By de novo characterizing the unknown non-coding small exRNA landscape across EV isolation technologies, biofluid, and cancer type, the key properties of exRNA associated smRCs, including their clinical application in early cancer detection were defined. These properties indicated that the tractable smRC-based quantification of novel, unannotated, small RNA expression signatures is feasible across different EV isolation techniques applied to different biofluids, potentially offering a completely novel, data-driven strategy for increasing the sensitivity of EV-driven biomarker discovery. It is important to emphasize that multiple small functional noncoding RNA can arise from transcriptional post-processing of a single larger RNA precursor gene, so smRCs estimate the overlooked underlying expression profile of small RNA precursor genes and thereby facilitate accurate quantification, differential expression, and motif discovery of unknown, heterogeneous, small RNA dominated exRNA payloads. In this sense, smRCs might more accurately measure the information content of exRNA.

Applying this approach to a separate HCC plasma-based exRNA dataset, a 3-smRC (unannotated), HCC specific signature, was derived which was then validated in an independent HCC cohort (‘HCC biomarker validation cohort’, n=209) to discriminate patients with incipient HCC from controls at high-risk of cancer.

Importantly, the exRNA-derived smRC signature was developed as a method for early HCC detection in the context of cancer surveillance which directly determined the patient population deliberately selected for this study, as extensively outlined in clinical guidelines (Marrero et al. 2018; EASL 2018). Briefly, these guidelines explicitly underscore the urgent clinical need for new tools to detect patients with early stage HCC, as they can be cured if diagnosed at this stage. The HCC specificity of the 3 smRC signature was confirmed in a dataset of 142 patients with other malignancies. The study herein purposely chose to test the early detection biomarker candidates in the context of the hardest possible scenario of distinguishing between chronic liver disease and very early, curable, HCC. The signature was independently validated in more than 200 patients, where it was demonstrated of its ability to accurately detect patients with early stage HCC. It was demonstrated that the 3-smRC signature not only outperforms the recommended surveillance tools (serum alphafetoprotein (AFP) combined with abdominal ultrasound) (Tzartzeva et al. 2018) but is complementary to AFP and in combination further maximizes HCC detection rates. There are other approaches currently under evaluation for early HCC detection using other liquid biopsy analytes, mostly involving circulating DNA (Felden et al. 2020). Blood-based DNA mutation and methylation studies have shown comparable performance to the 3-smRC signature disclosed herein (Xu et al. 2017; Smith et al. 2014; Qu et al. 2019). The main difference with this study is that it is exclusively an early-stage cohort and not HCC patients at more advanced stages.
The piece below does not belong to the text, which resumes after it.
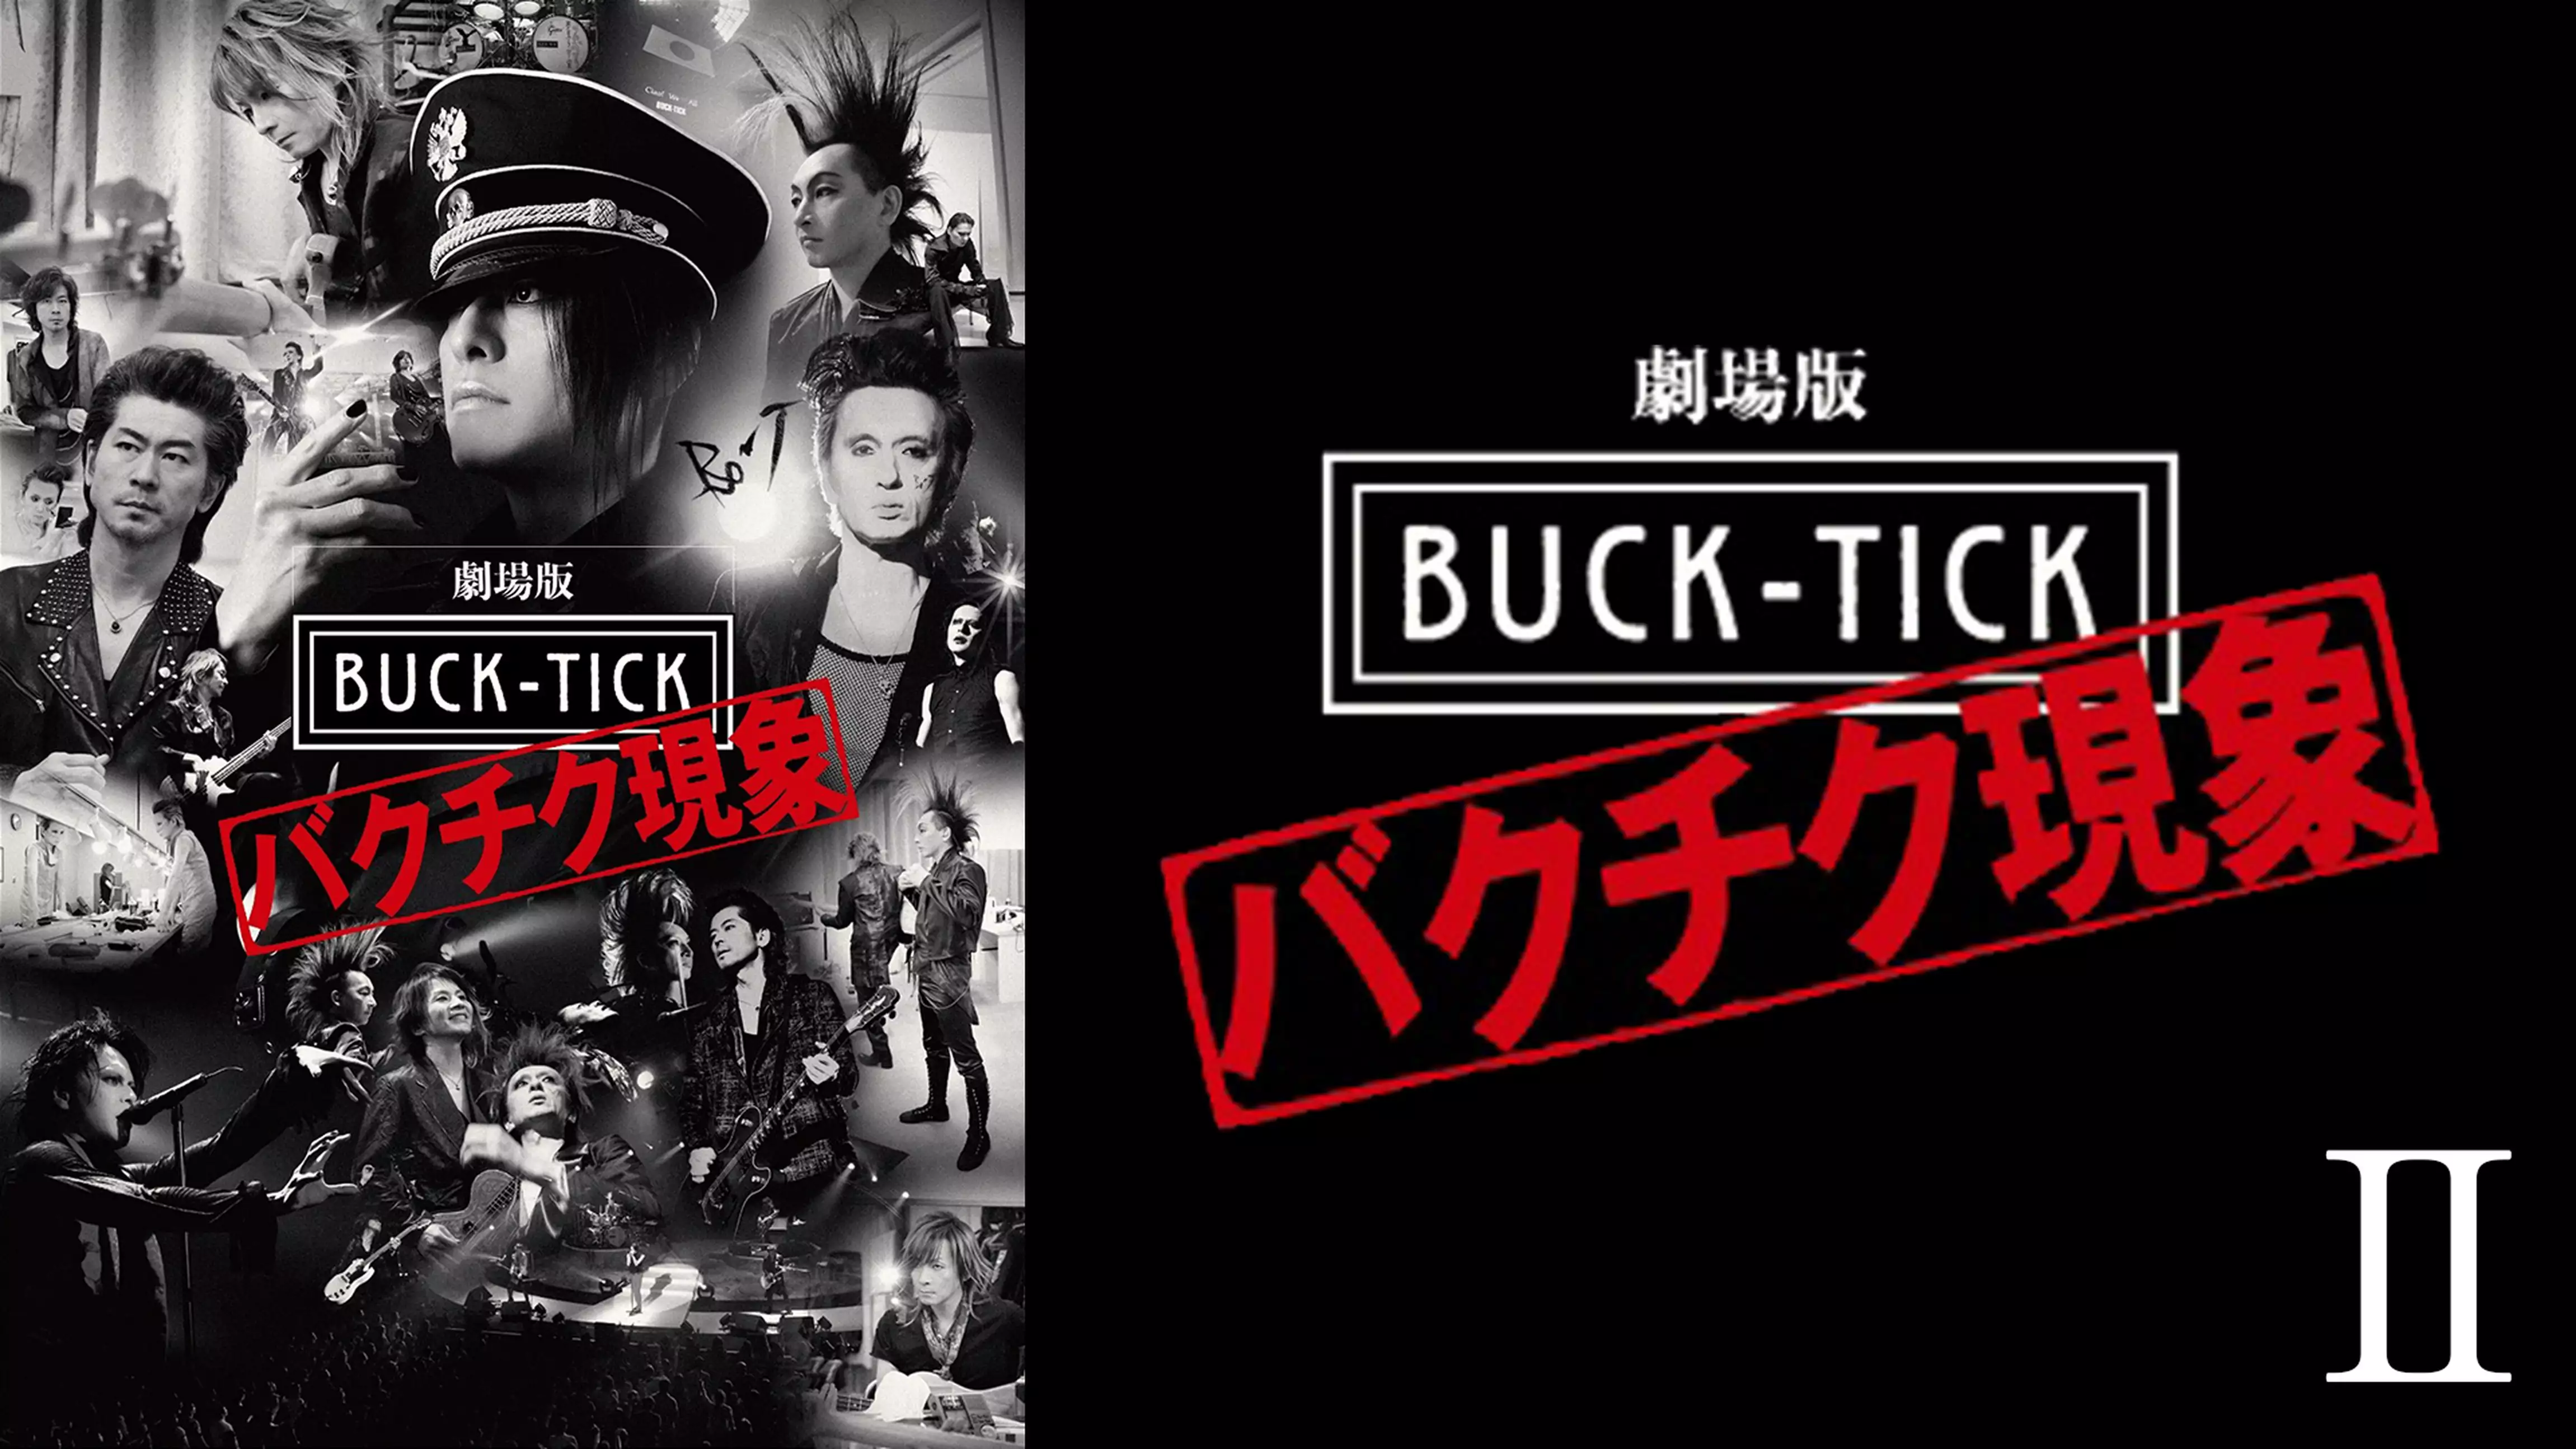 劇場版 BUCK-TICK〜バクチク現象〜Ⅱ

Thus, disclosed herein is a blood-based, minimally-invasive, operator-independent surveillance test to detect HCC at early stages that overcomes the limitations in HCC surveillance (i.e. low implementation rate and suboptimal performance of surveillance tools).

The 3-smRC signature yielded an Area under the Receiver Operating Curve (AUC) of 0.87, 86% sensitivity, 91% specificity, and a positive predictive value of 89%.
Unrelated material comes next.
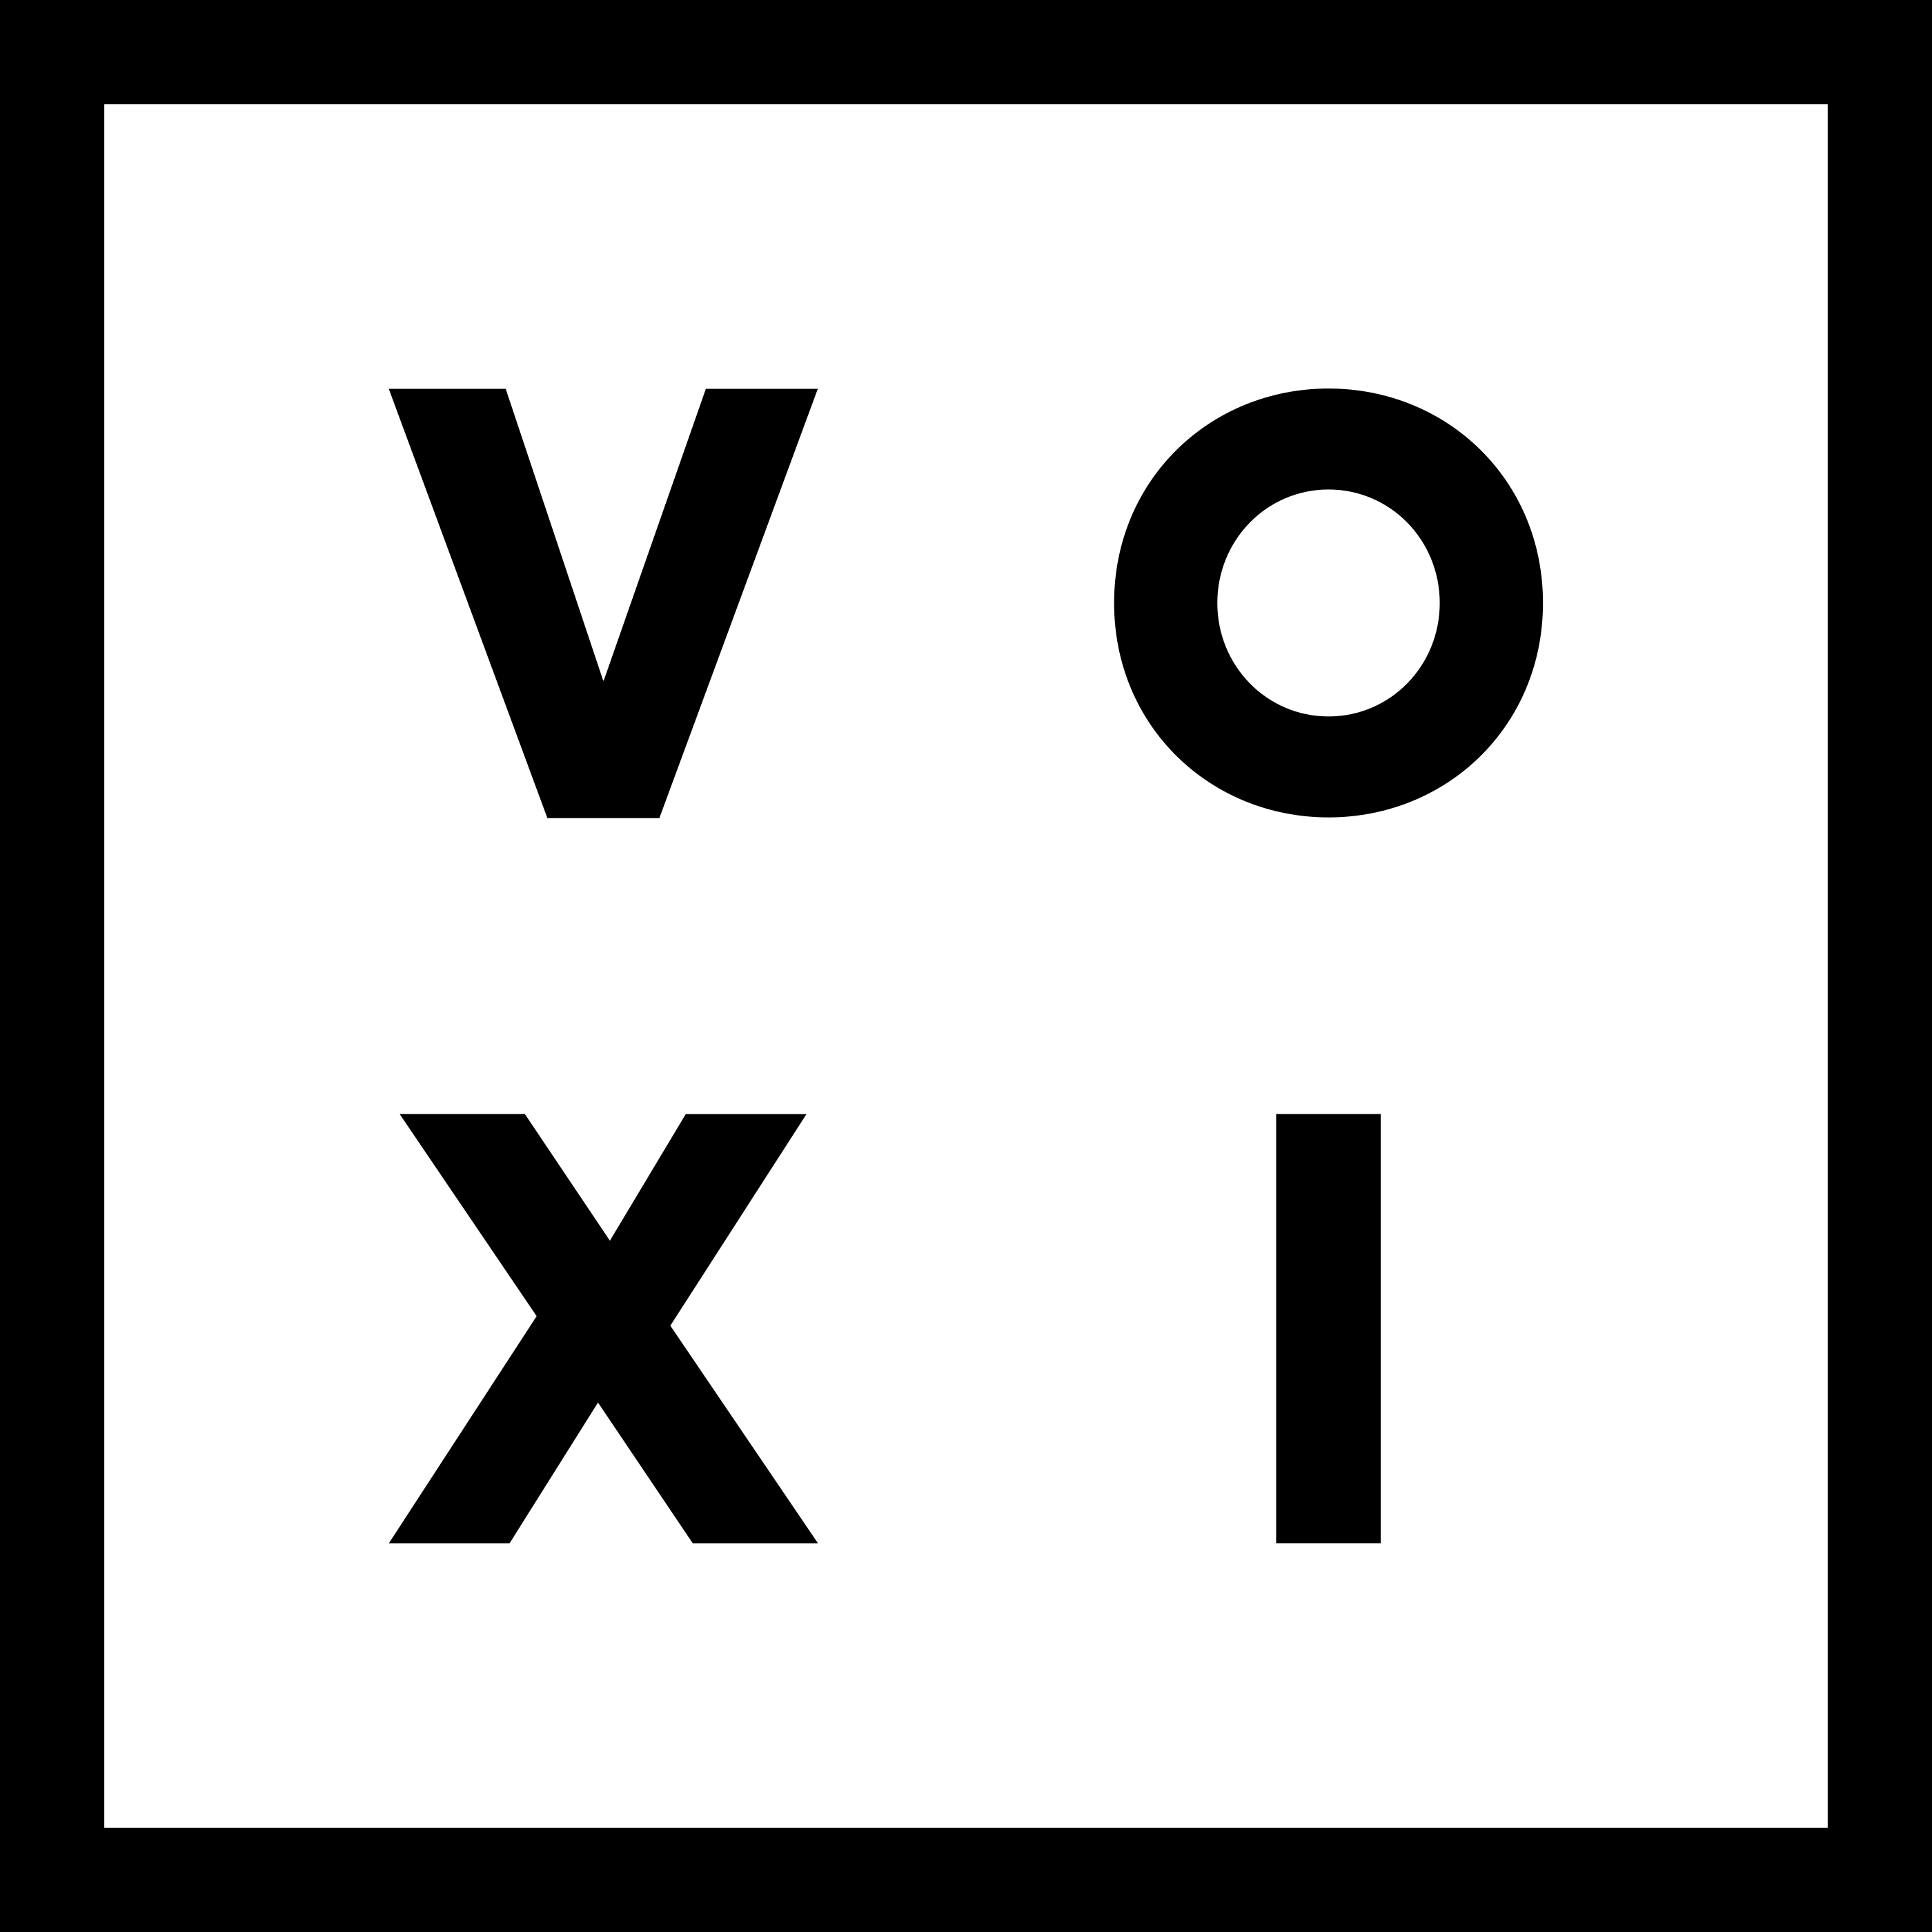 Voxi logo.

A composite approach with the 3-smRC signature plus AFP yielded an Area under the Receiver Operating Curve (AUC) of 0.93, lower Brier score of 0.11, and better test performance (85% sensitivity, 94% specificity, and positive predictive value of 95%).

3-smRC Signature (three small unannotated non-coding RNAs) for Early Detection of Hepatocellular Carcinoma (HCC)

The present disclosure provides for a 3-smRC signature or three small unannotated non-coding RNAs extracted from exosomes isolated from samples from patients, which are indicative and predictive of hepatocellular carcinoma.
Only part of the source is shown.